How this project work

As previously said, the purpose of this site is to supply better information about notes in near real-time.

The main challenge is to get the data, which is in separate places:

  • Country and maritime boundaries are in OpenStreetMap, but the way to obtain them is with Overpass to retrieve all relations that have some specific tags. This involves several requests to Overpass, convert the results, to finally insert them into a Postgres database. Once we have this information in the database, we can query if a specific point (note's location) is inside a country or not.
  • Most recent note changes can be obtained from OpenStreetMap API calls. However, this service is limited to 10 000 notes, and the current number of notes is above 4 million. Therefore, it is necessary to retrieve the whole note's history in another fashion to start working faster and not stress the API.
  • OSM provides a daily dump from parts of the database and publishes it in the Planet website. The most well-known dataset is the map data, but for this project, it is necessary to obtain the note dump, which contains the whole history of notes since 2013, only excluding the hidden ones.

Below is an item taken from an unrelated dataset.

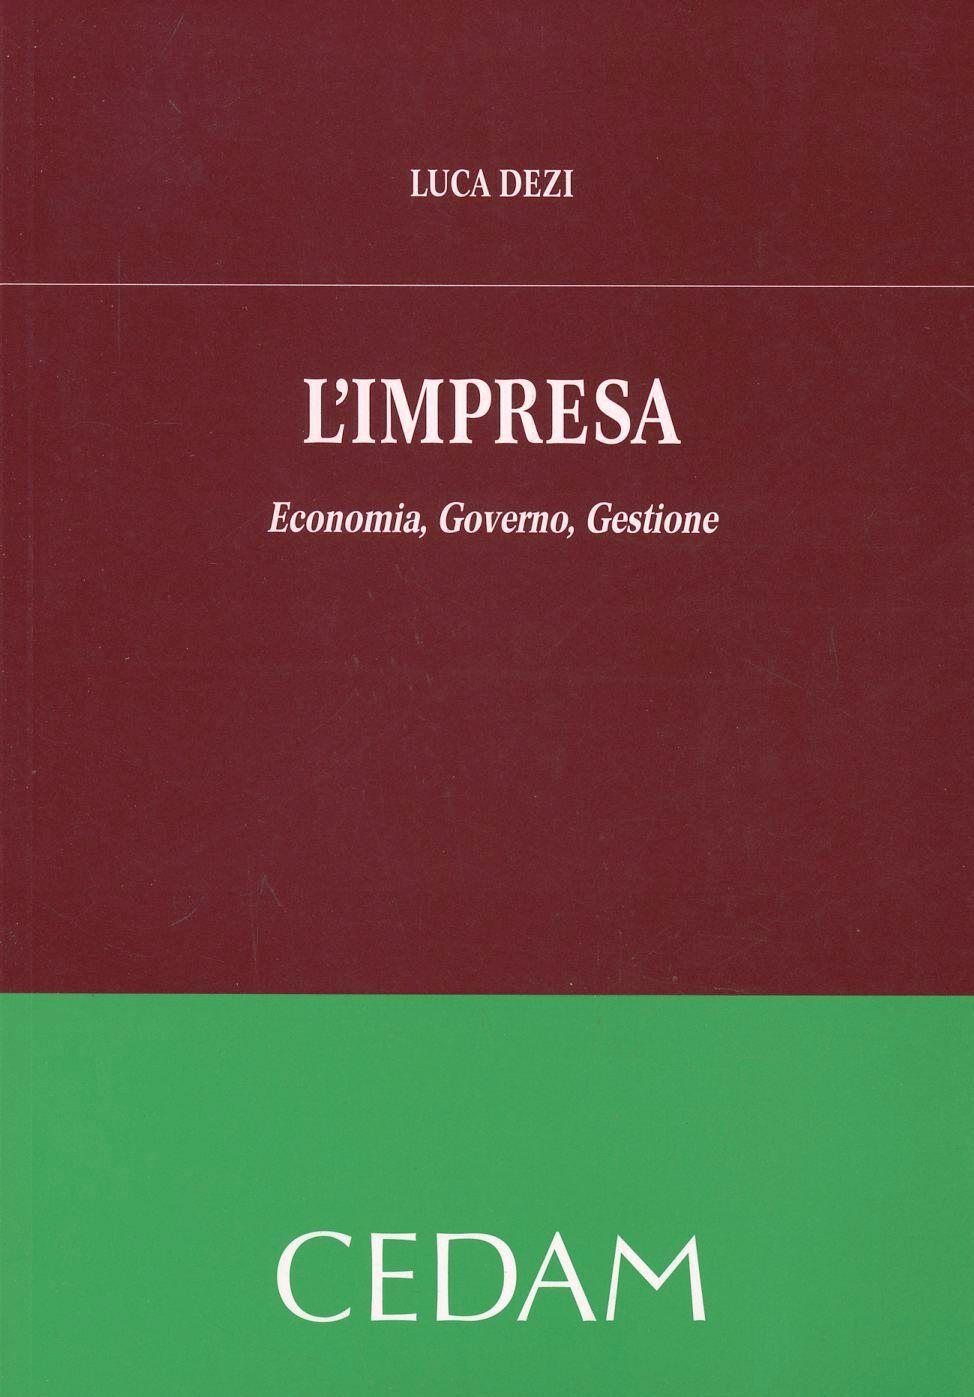 L' impresa. Economia, governo, gestione

In other words, this project uses these three sources of data to keep the database almost in sync with OSM data. This is the most challenging thing of this project, and therefore, this is why it have many objects and prevents duplicates or data loss.

First, it queries overpass to get the IDs of the country and maritime's boundaries, and then it downloads each of them individually. After, it converts this data into a Postgres geometry and builds the country's table.

Second, it takes the daily dump from the Planet and builds the base of the note's database. Then, based on the location of the notes, it calculates to which country each note belong.

Third, the program downloads the recent notes from the whole world and populates the tables with this information. Then, it also calculates the country of these new notes. This step is periodic, which means it should be triggered regularly, like each 15 minutes to have recent information. The shorter the time, the more near real-time information this will provide; however, it needs a faster server to process the information.

Once the base information is stored in the database, different services could be provided:

  • A WMS map with the location of the open and closed notes.
  • A data warehouse to perform analytical queries and create user and country profile about the status of the notes.

As part of the data warehouse, the ETL converts the note’s data into a star schema, calculating several facts. Then, the last part is to build a Datamart with all the necessary values for a user or country profile, reducing the time and impact on the database while executing.